Webinar: Visual Thinking Strategy
Webinar powered by TETRA and NGI Atlantic. (WATCH THE RECORDING BELOW)
The webinar focuses on identifying the product/service Unique Selling Proposition (USP) and works on a concept extracted from it, using modalities that are usually not explored (Visual Thinking Strategy). This is the best way to stretch the brain and give birth to new ideas, free of preconceived notions, that will be useful in business or elsewhere in life. Thinking visually and spatially helps tackle complex problems by seeing how interdependent pieces fit together.
What is the Visual Thinking Strategy (VTS)
Whether your brain thinks predominantly in words or in pictures, we all generate visual images to help us make sense of the world. Visual thinking allows us to organize ideas graphically. But extracting those ideas when we want to explore them further or discuss them with somebody else isn’t always easy. That’s where visual thinking strategies come in.
By applying visual thinking strategies to everyday situations, you can clarify your thoughts, organize and analyze important information, think more critically, and integrate new knowledge.
Visual Thinking Strategies (VTS) is a teaching method for improving critical thinking skills through discussions of visual images.
any thought or communication technique that uses a visual aid to help you round out an idea, learn something new, or create shared insight with others can be considered a visual thinking strategy.
Because the concept of visual thinking is driven by cognitive psychology and learning sciences, the applications for visual thinking-based strategies are widespread.
Visual thinking strategies are especially helpful for encouraging individual contributions in team brainstorming and problem-solving environments.
So this simplistic academic thinking strategy, when applied to a corporate setting, can drastically improve creative thinking skills and help employees facilitate discussions around the interconnectedness of ideas and innovation. It has also shown to be an excellent tool for breaking down creative or idea blocks in teams and helping discover alternatives thinking patterns and carve out new ideas.

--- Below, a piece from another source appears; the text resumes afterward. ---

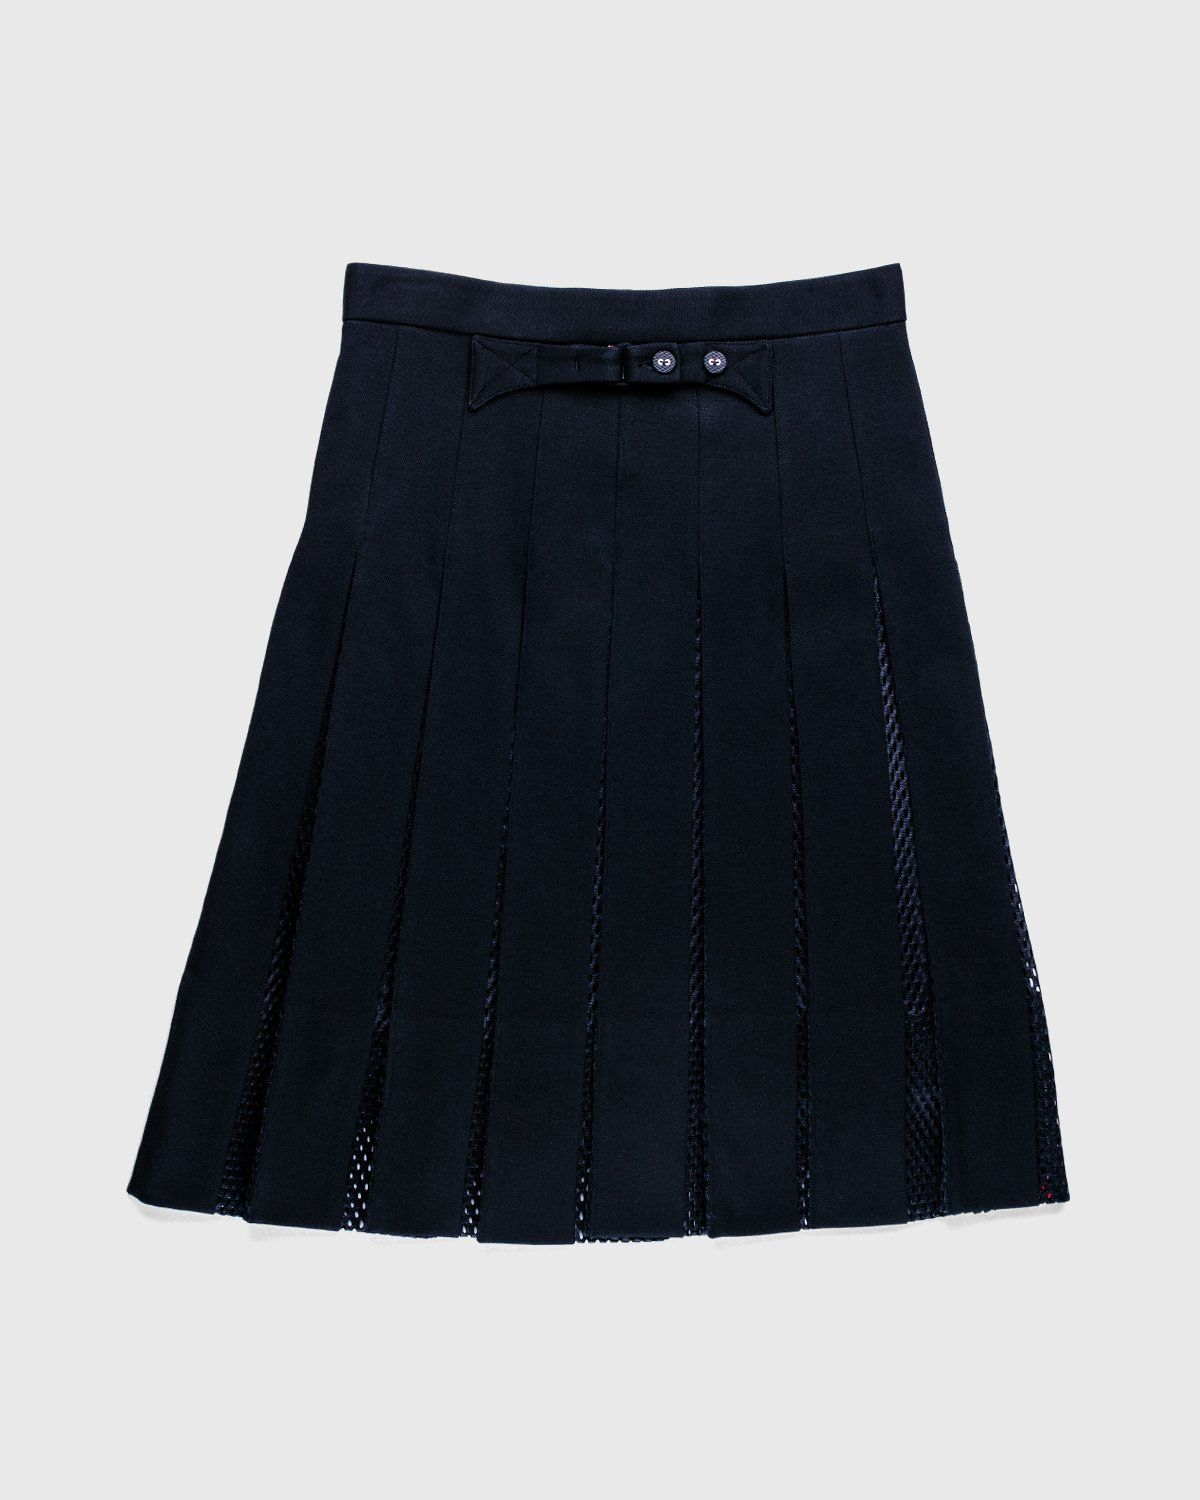 Thom Browne x Highsnobiety – Women’s Pleated Mesh Skirt Black - Suits - Black - Image 2
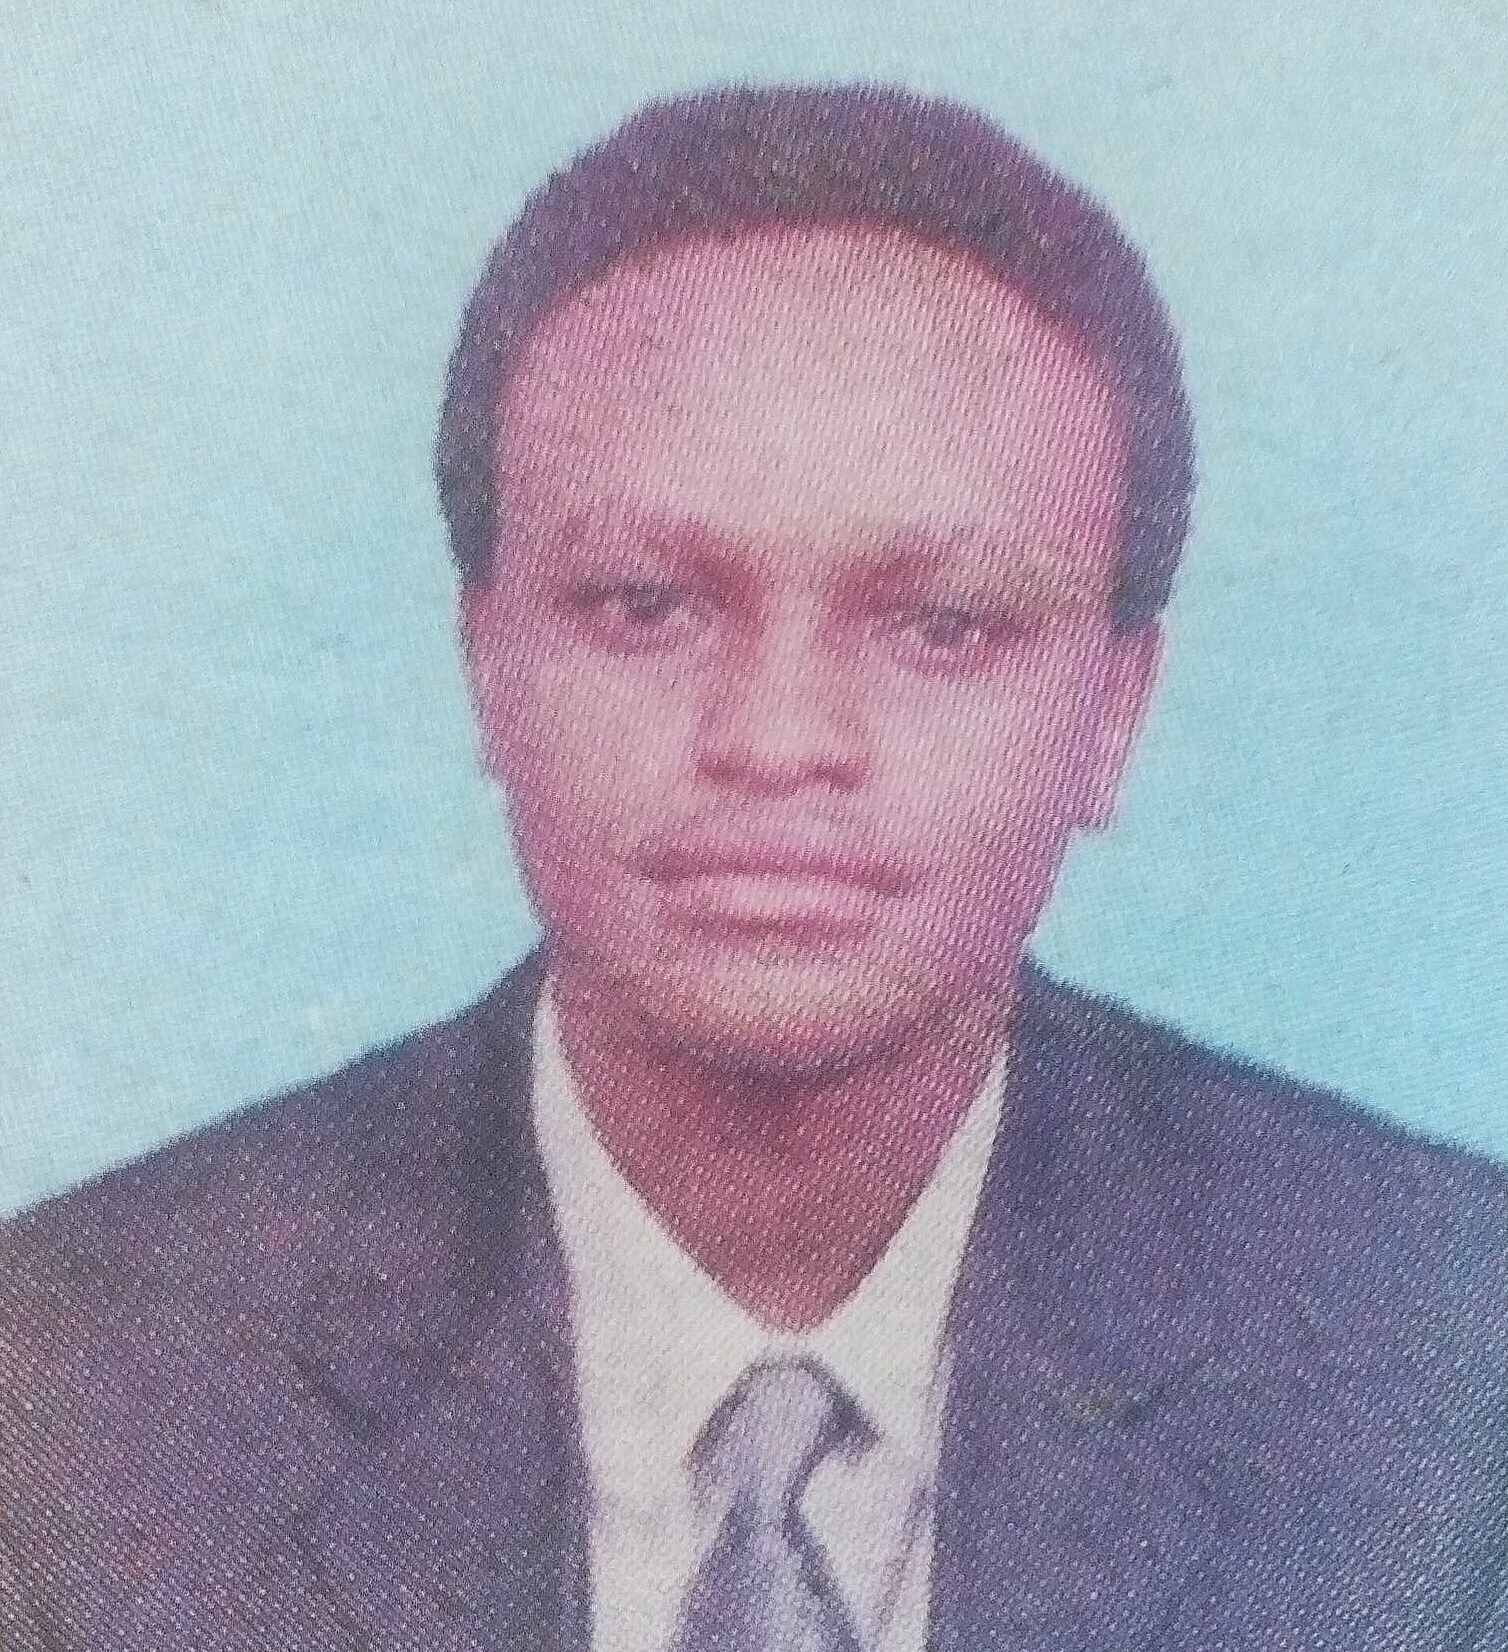 Obituary Image of Amos Ndua Ndolo

The enormous demands on business today to stay competitive, needs creative thinking that is much more than “Thinking outside the box,” or brainstorming, or even just coming up with good ideas. Those are kind of one-dimensional or linear constructs. Creative thinking encompasses a more layered approach. The goal of VTS, similar to the goal of the popularized approach of Design Thinking, is to connect people with their creative side and have them generate their own really good solutions.
Strategies for Visual Learning
If you teach as part of a formal institution or in a business training capacity, you can use the Visual Thinking Strategies (VTS) methodology to encourage flexible thinking with the help of a single, interesting image and three simple questions:
- What’s going on in this picture?
- What do you see that makes you say that?
- What more can we find?
Much like a brainstorming session, the goal of a VTS discussion is to enable shared discovery, learning, and insight rather than to disseminate knowledge. Encouraging the contribution of individual ideas in this way has been shown to deepen the learner’s observation, collaboration, and communication skills in an international setting.